Example: Banana-shaped distribution
Consider the banana-shaped distribution, a commonly-used testbed for adaptive MCMC methods2. Denote the density of this distribution as $p_{Y}(\mathbf{y})$. To illustrate, 1k samples randomly drawn from this distribution are shown below:
The underlying process that generates samples $\tilde{\mathbf{y}} \sim p_{Y}(\mathbf{y})$ is simple to describe, and is of the general form,
$$ \tilde{\mathbf{y}} \sim p_{Y}(\mathbf{y}) \quad \Leftrightarrow \quad \tilde{\mathbf{y}} = G(\tilde{\mathbf{x}}), \quad \tilde{\mathbf{x}} \sim p_{X}(\mathbf{x}). $$
In other words, a sample $\tilde{\mathbf{y}}$ is the output of a transformation $G$, given a sample $\tilde{\mathbf{x}}$ drawn from some underlying base distribution $p_{X}(\mathbf{x})$.
However, it is not as straightforward to compute an analytical expression for density $p_{Y}(\mathbf{y})$. In fact, this is only possible if $G$ is a differentiable and invertible transformation (a diffeomorphism3), and if there is an analytical expression for $p_{X}(\mathbf{x})$.
Transformations that fail to satisfy these conditions (which includes something as simple as a multi-layer perceptron with non-linear activations) give rise to implicit distributions, and will be the subject of many posts to come. But for now, we will restrict our attention to diffeomorphisms.
Base distribution
Following on with our example, the base distribution $p_{X}(\mathbf{x})$ is given by a two-dimensional Gaussian with unit variances and covariance $\rho = 0.95$:
$$ p_{X}(\mathbf{x}) = \mathcal{N}(\mathbf{x} | \mathbf{0}, \mathbf{\Sigma}), \qquad \mathbf{\Sigma} = \begin{bmatrix} 1 & 0.95 \newline 0.95 & 1 \end{bmatrix} $$
This can be encapsulated by an instance of MultivariateNormalTriL, which is parameterized by a lower-triangular matrix. First let’s import TensorFlow Distributions:
import tensorflow.contrib.distributions as tfd
Then we create the lower-triangular matrix and the instantiate the distribution:
>>> rho = 0.95
>>> Sigma = np.float32(np.eye(N=2) + rho * np.eye(N=2)[::-1])
>>> Sigma
array([[1. , 0.95],
[0.95, 1. ]], dtype=float32)
>>> p_x = tfd.MultivariateNormalTriL(scale_tril=tf.cholesky(Sigma))

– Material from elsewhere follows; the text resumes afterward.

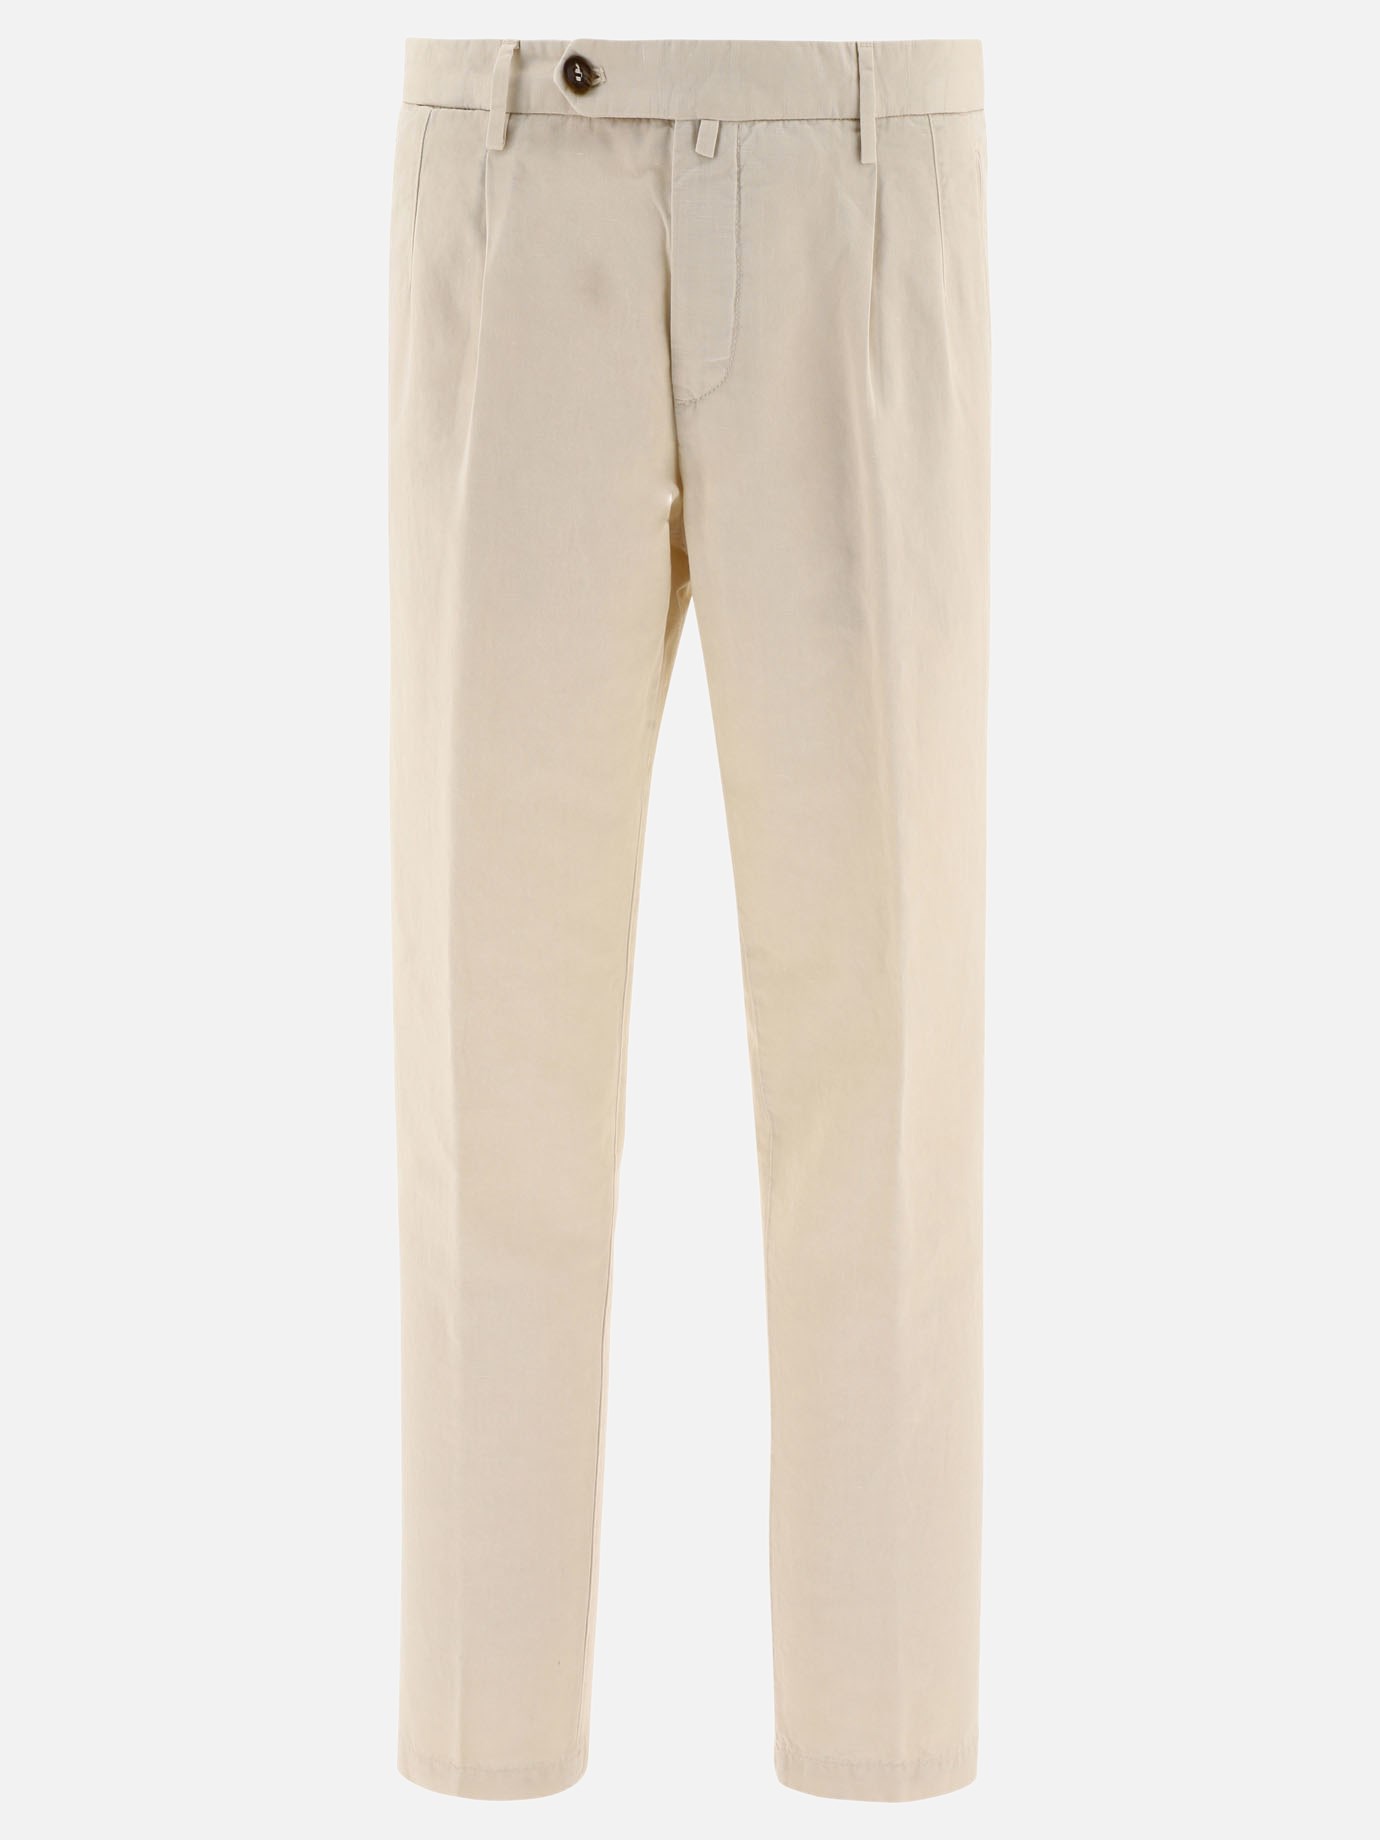 Pantaloni  Cernobbio by Briglia 1949 - 4

As with all subclasses of tfd.Distribution
, we can evaluated the probability
density function of this distribution by calling the p_x.prob
method.
Evaluating this on an uniformly-spaced grid yields the equiprobability contour
plot below:
Forward Transformation
The required transformation $G$ is defined as:
$$ G(\mathbf{x}) = \begin{bmatrix} x_1 \newline x_2 - x_1^2 - 1 \newline \end{bmatrix} $$
We implement this in the _forward
function below4:
def _forward(x):
y_0 = x[..., 0:1]
y_1 = x[..., 1:2] - y_0**2 - 1
y_tail = x[..., 2:-1]
return tf.concat([y_0, y_1, y_tail], axis=-1)
We can now use this to generate samples from $p_{Y}(\mathbf{y})$.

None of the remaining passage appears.